As outputs of your dictionary/* pipelines.
As input to the Crum pipeline (coptwrd.tsv, coptdrv.tsv, notes.tsv, and marcion_dawoud.tsv).
As output of your flashcards pipeline. (You recently disabled that to save space. We will likely implement a similar timestamp tracking mechanism for the HTML files.)

pishoyg commented 1 month ago

Note: The most pressing files are the ones under dictionary/marcion.sourceforge.net/data/output/tsv/. These change quite often, and their size is considerable.

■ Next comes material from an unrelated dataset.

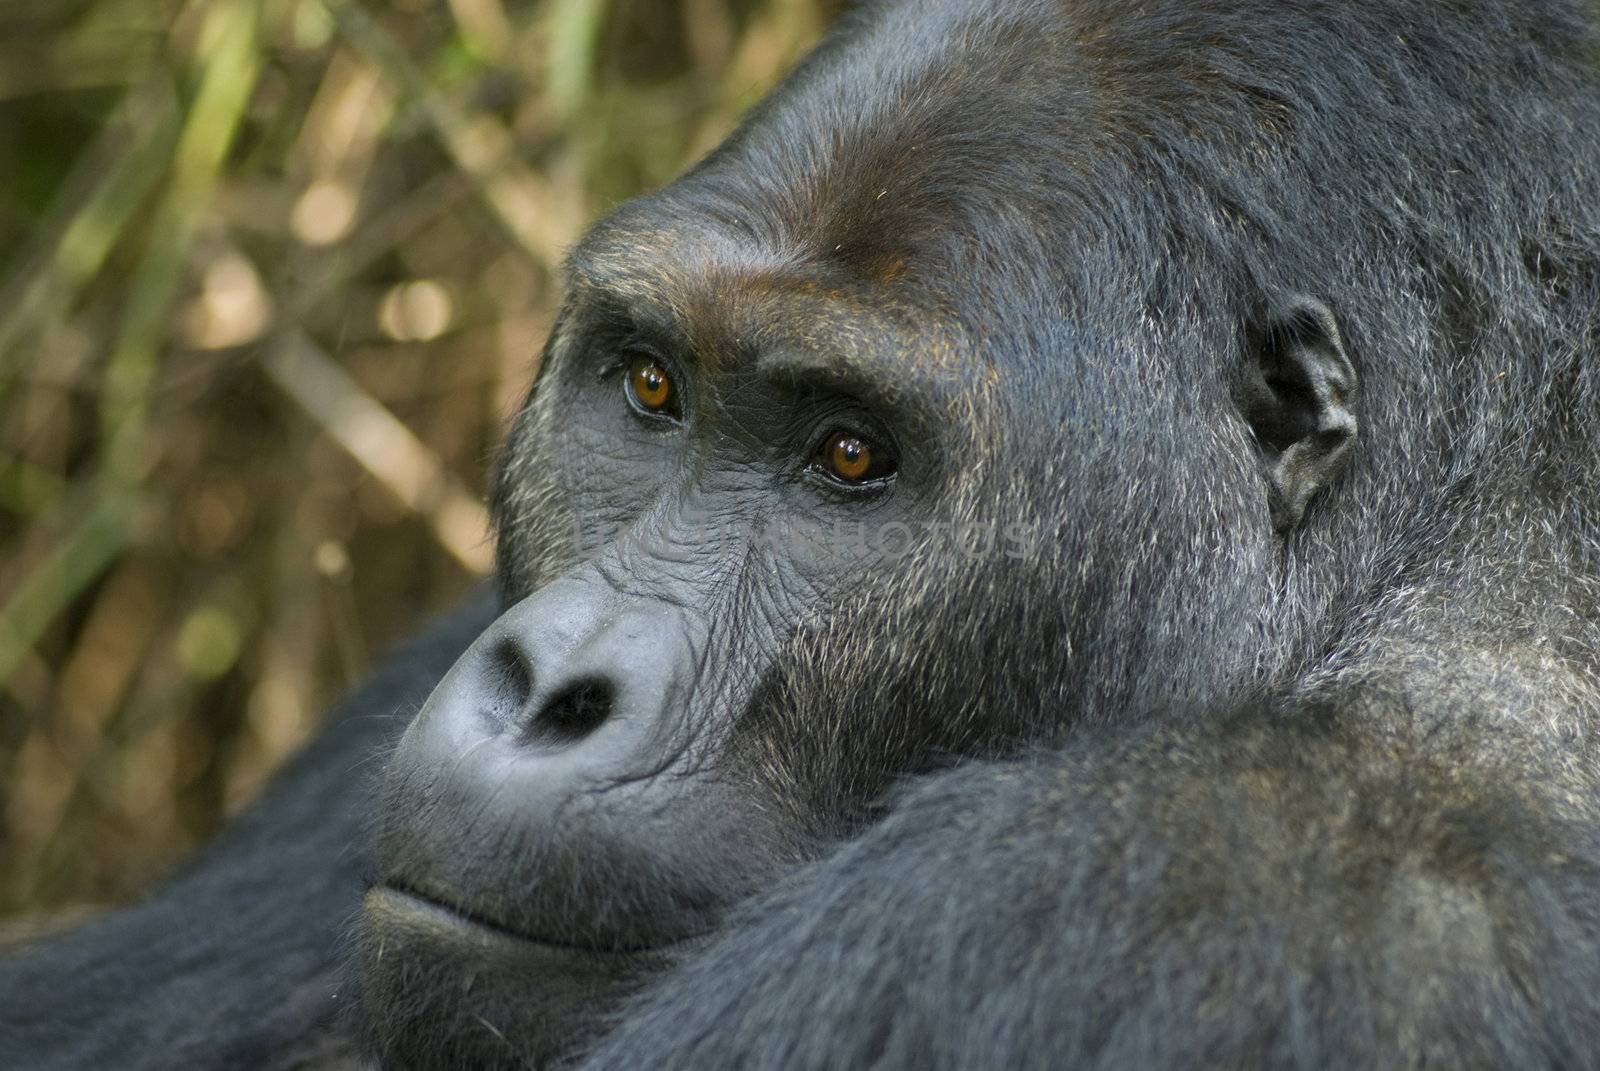 Portrait of an Eastern Lowland Gorilla in Wildlife by stockbymh

pishoyg commented 1 month ago

TSV's are too large, HTML's are too many. We should find something in between.

Idea: Define a tsvs format, which is simply a directory containing many TSV's that need to get concatenated.

Here is a nice way to implement write_tsvs:

CHUNK_SIZE = 100
def write_tsvs(df: pd.DataFrame, tsvs: str, zfill: int = 0) -> None:
  boundaries = list(range(CHUNK_SIZE, len(df.index), CHUNK_SIZE))
  zfill = zfill or len(str(len(boundaries) + 2))
  for idx, chunk in enumerate(np.array_split(df, boundaries)):
      chunk.to_csv(os.path.join(tsvs, str(idx).zfill(zfill) + ".tsv"), sep="\t", index=False)

pishoyg commented 1 month ago

TODO:

Go over the large files listed above, run du --apparent-size --human-readable against them, and put the results here.
Highlight the ones that are actively being developed.
Define the logic for the new tsvs format in a new utils package that lives right under your root directory.
Write and read the problematic files in tsvs.
Move to the backlog, and revisit when another problematically large file starts receiving active attention.

pishoyg commented 1 month ago

The tsvs format is a success!

pishoyg commented 1 month ago

$duash dictionary/marcion.sourceforge.net/data/marcion-input/*
1014K   dictionary/marcion.sourceforge.net/data/marcion-input/coptdrv.tsv
746K    dictionary/marcion.sourceforge.net/data/marcion-input/coptwrd.tsv

I think it's OK to keep this in TSV format in order to be able to diff it against the raw data and list the typo fixes, the size is not that large. (Though you could probably use difftool to diff two directories, look into this!)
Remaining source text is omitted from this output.